#### DATA SHOWN

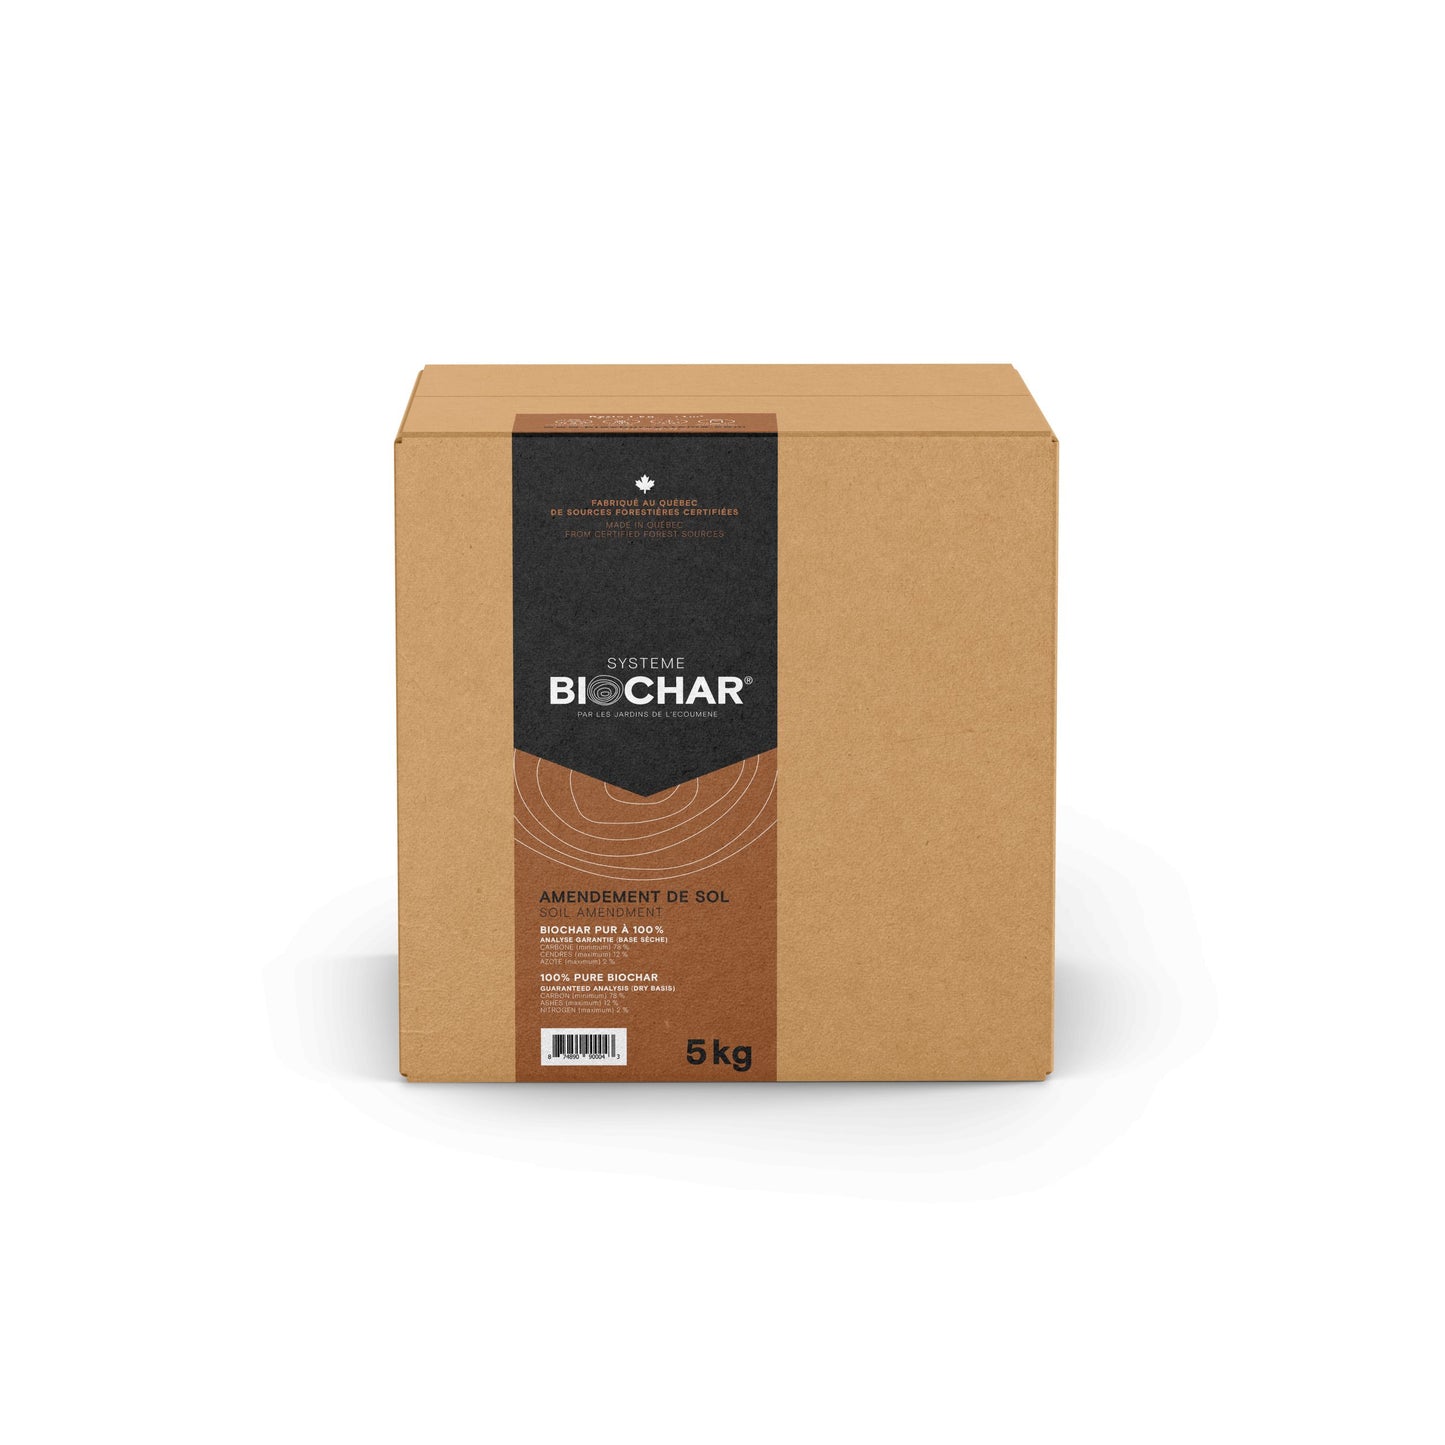 Boîte en carton carrée de 5kg de Biochar.
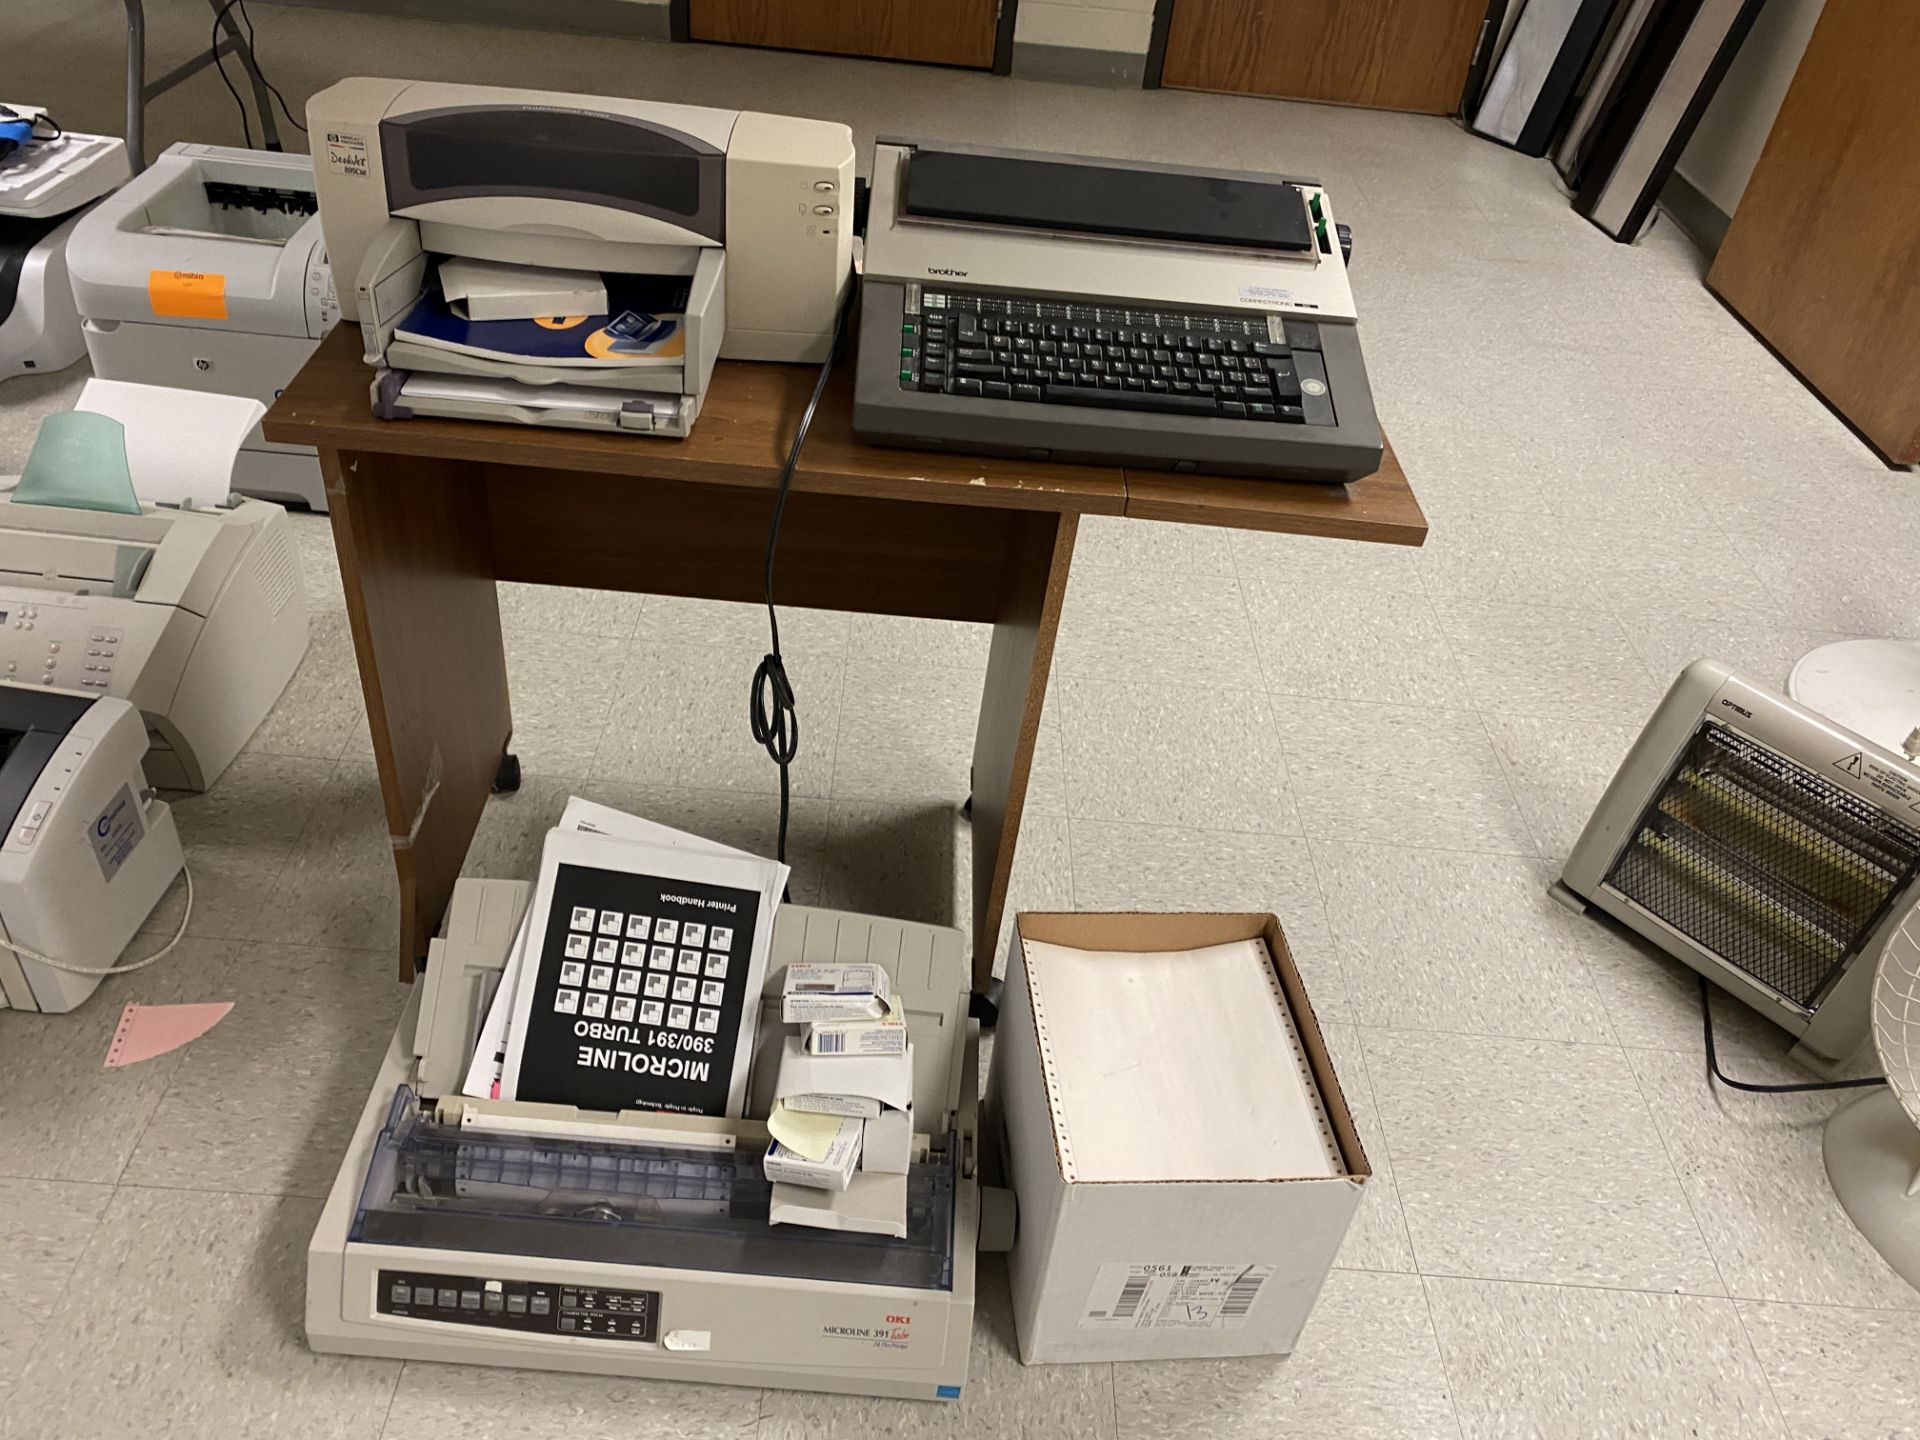 [LOT] OKI Dot matrix printer microline 391, plus (1) Brother electric typewriter, (1) HP deskjet
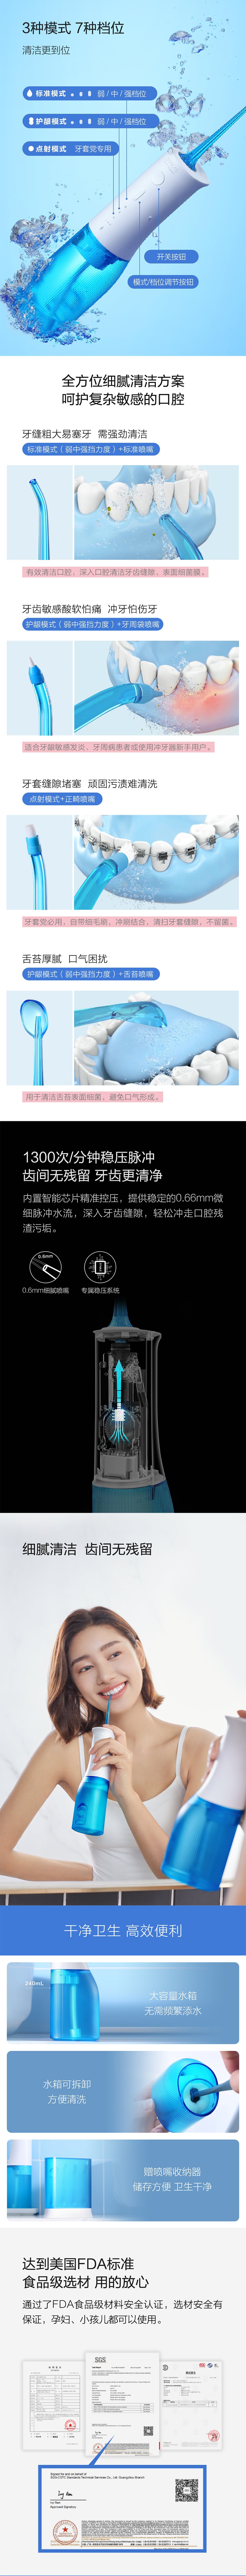 【中国直邮】小米有品 素士便携冲牙器W3 pro 蓝色

########

### THE TASK
Retype the whole listing exactly. Do not include the pictures.

### OUTPUT
 Boîte en carton carrée de 5kg de Biochar.
 [LOT] OKI Dot matrix printer microline 391, plus (1) Brother electric typewriter, (1) HP deskjet
 【中国直邮】小米有品 素士便携冲牙器W3 pro 蓝色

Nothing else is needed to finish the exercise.